OCR speed increased by 200–300%
Formula parsing up to 1400% faster in batch mode
Reduced CPU contention in high-concurrency API deployments via thread tuning

Deployment options include:

Command line: mineru -p input.pdf -o output/
FastAPI server: with auto-generated docs (toggle via MINERU_API_ENABLE_FASTAPI_DOCS)
Gradio WebUI: for quick local testing
Docker: for reproducible cloud or on-prem setups

Environment variables allow fine control over timeouts (MINERU_PDF_RENDER_TIMEOUT), concurrency (MINERU_API_MAX_CONCURRENT_REQUESTS), and feature toggles (e.g., MINERU_TABLE_MERGE_ENABLE=0 to disable table merging).

Practical Use Cases

MinerU shines in scenarios where structure, accuracy, and automation matter:

Academic digitization: Extract equations, references, and multi-column layouts from arXiv papers or journal PDFs without losing semantics.
Financial & legal document processing: Parse complex tables in earnings reports or regulatory filings, even when rotated or split across pages.
Enterprise knowledge management: Convert internal PDF archives into structured Markdown or JSON for RAG-powered search.
SaaS product integration: Replace costly commercial APIs with an open, auditable, and customizable parsing engine.
Multilingual research: Handle documents mixing English text with Chinese formulas or Arabic footnotes seamlessly.

Known Limitations

While powerful, MinerU isn’t a magic bullet.

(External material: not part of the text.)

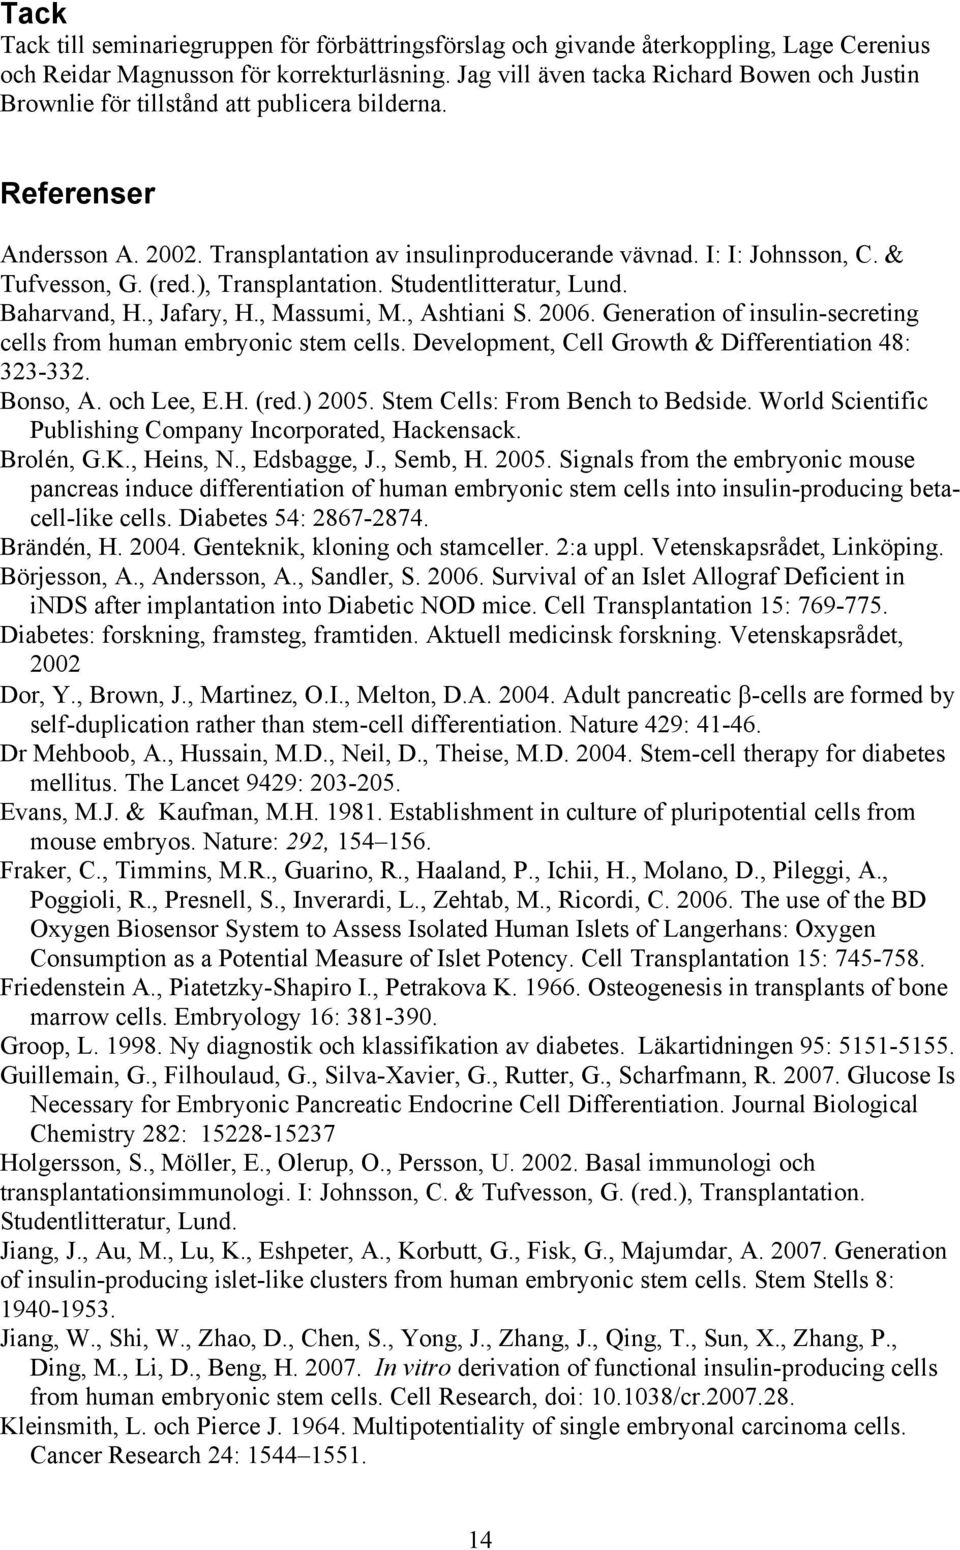 & Tufvesson, G. (red.), Transplantation. Studentlitteratur, Lund. Baharvand, H., Jafary, H., Massumi, M., Ashtiani S. 2006. Generation of insulin-secreting cells from human embryonic stem cells.

Be aware of these constraints:

Photographed documents (e.g., smartphone captures of whiteboards) are not well supported.
Highly stylized layouts like comics, children’s textbooks, or art portfolios may parse poorly.
Vertical text has limited (experimental) support.
Rare list formats or code blocks may not be recognized reliably.
Extremely complex tables can occasionally misalign rows/columns.
VLM backend requires Linux/WSL2 for best vLLM performance; Windows native support is limited to LMDeploy.

These are clearly documented in the project’s “Known Issues” and continuously improved through community feedback.

Getting Started Is Effortless

Install with one command:
```
uv pip install -U "mineru[core]"  
```
Download models automatically:
```
mineru models download  
```
Parse a PDF:
```
mineru -p document.pdf -o ./output  
```
(Optional) Launch a local WebUI:
```
mineru webui  
```

No JSON config editing. No manual model wrangling. Just results.

Summary

MinerU solves the messy reality of document understanding with an open, precise, and engineer-friendly toolkit. It combines specialized models, robust postprocessing, and deployment flexibility to deliver consistent, high-quality extraction across scientific papers, financial reports, legal documents, and multilingual content. Whether you’re building a research pipeline or a commercial SaaS product, MinerU offers a transparent, performant, and actively maintained alternative to closed-source black boxes—without sacrificing accuracy or control.